Ayer, después de la tormenta, un paseo. En principio, camino a la presentación del nuevo libro de Concha Calleja, que sigue dándole a los Windsor hasta que no los reconozca ni quien fundase la dinastía. Pero resultó ser martes, y no miércoles, o sea, hoy, que es cuando se presenta la cosa. Es lo que tiene no saber qué día vive uno, por mucho que por la mañana lo ponga en el recuadro de la columna, ahí arriba. Así es, amigos. Así vivo. El fastidio inicial por la confusión se pasó, en fin, y me dejó unas horas libres para dedicarlas a una de mis mayores aficiones: pasear. Y en concreto, pasear por Madrid.

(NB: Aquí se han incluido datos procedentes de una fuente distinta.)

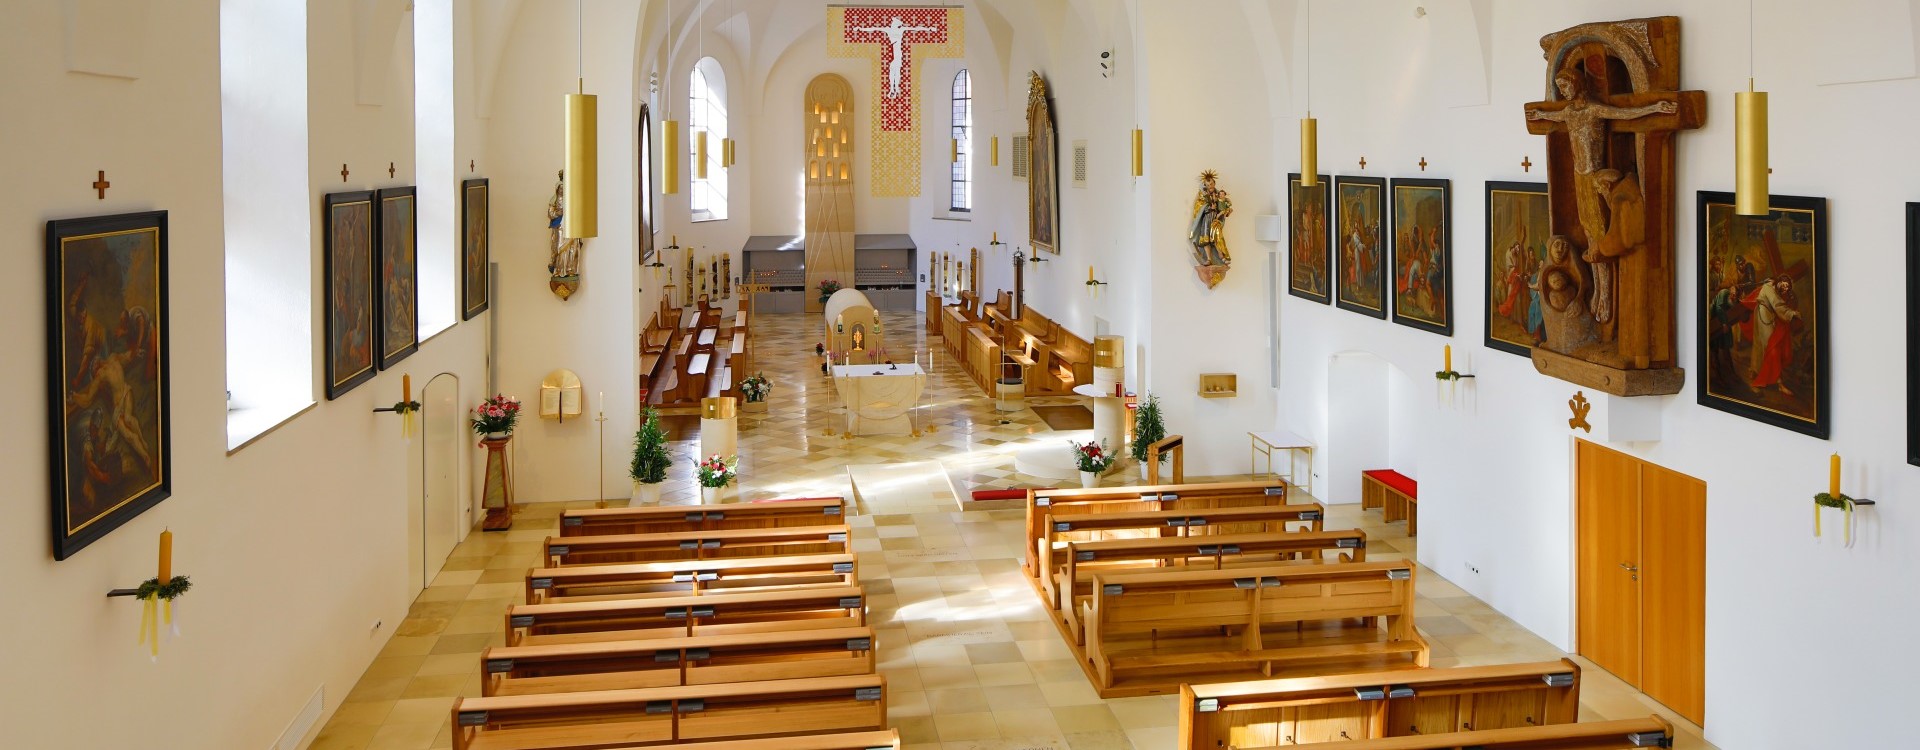 Innenaufnahme der Bruder Konrad Kirche mit Blick über die Bankreihen zum Altarbereich.

Qué poco me gustan ciertas zonas, cuánto otras, y qué pena me dan algunas. No son de mi agrado zonas financieras, y sí las calles en las que percibo historia, pasado, asuntos que contar. También me gusta la vida cotidiana, el comercio, los escaparates, los parques, imaginar cómo sería mi vida en tales domicilios. O recordar como fue, de hecho. Chamberí, Luchana, cines Paradox, alguna librería a la que iba antaño, los bulevares y la glorieta de Bilbao. Ahí me encontré a Galdós, curioseando desde la terraza del Café Comercial. Veo que ha recuperado usted la vista, don Benito, le dije. Y se me sumó al paseo, agradado por el comentario. Parece que se encontraba en la glorieta porque había ido a recordar cuando ahí se situó la trinchera para repeler al francés, tal y como cuenta en un Episodio Nacional. Nos acercamos al Dos de Mayo, en la que él, como ya hiciera con la estatua propia que le pusieron en el Retiro, palpó con sus manos los rostros esculpidos de Daoíz y Velarde. Barrio de las Maravillas, Malasaña para los modernitos. Galdós y yo recorrimos la calle de La Palma, llegamos a San Bernardo, la calle Ancha, y tras saludar al Krahe en Pez, bajamos hasta Plaza España rodeando los Mostenses. Después de más de cien años desde su muerte, parecía conocerlo todo, estar al día. Va a pasar calor usted con ese gabán, don Benito, que está aquí ya el verano. No hijo, me respondió, yo siempre tengo frío. Yo vivo siempre en invierno.
Subimos a una de las terrazas de los hoteles de Plaza España. Desde las alturas, la sierra, azul de lejanías, difuminada por Leonardo. Y la Casa de Campo. Y los tejados de Madrid, todos prestos a ser destapados para descubrir las vidas de los de dentro, como en El diablo cojuelo. Y Galdós, alto de por sí, más alto aún desde las alturas, mirándolo todo con sus pequeños y certeros ojos, contempló las muchedumbres, la extensión de Madrid más allá de sus propios límites, el atardecer. Maestro, ¿muy cambiado respecto a su época? Y él, con la sonrisa triste del que se ha tenido que despedir de un perro, me dijo: Todo igual. Pero, ¿igual de mal o igual de bien? Igual de igual. No ha cambiado nada. Lo bueno es muy bueno, y lo malo es muy malo. Y lo bueno va a mejor, pero lo malo, a peor.
Un último rayo de sol rejuveneció el rostro de Galdós, y yo creí confundirlo entonces con un billete de mil pesetas. Sería por la nostalgia. O por la estafa que nos hicieron con lo del euro. O por el tiempo, que se pasa sin irse.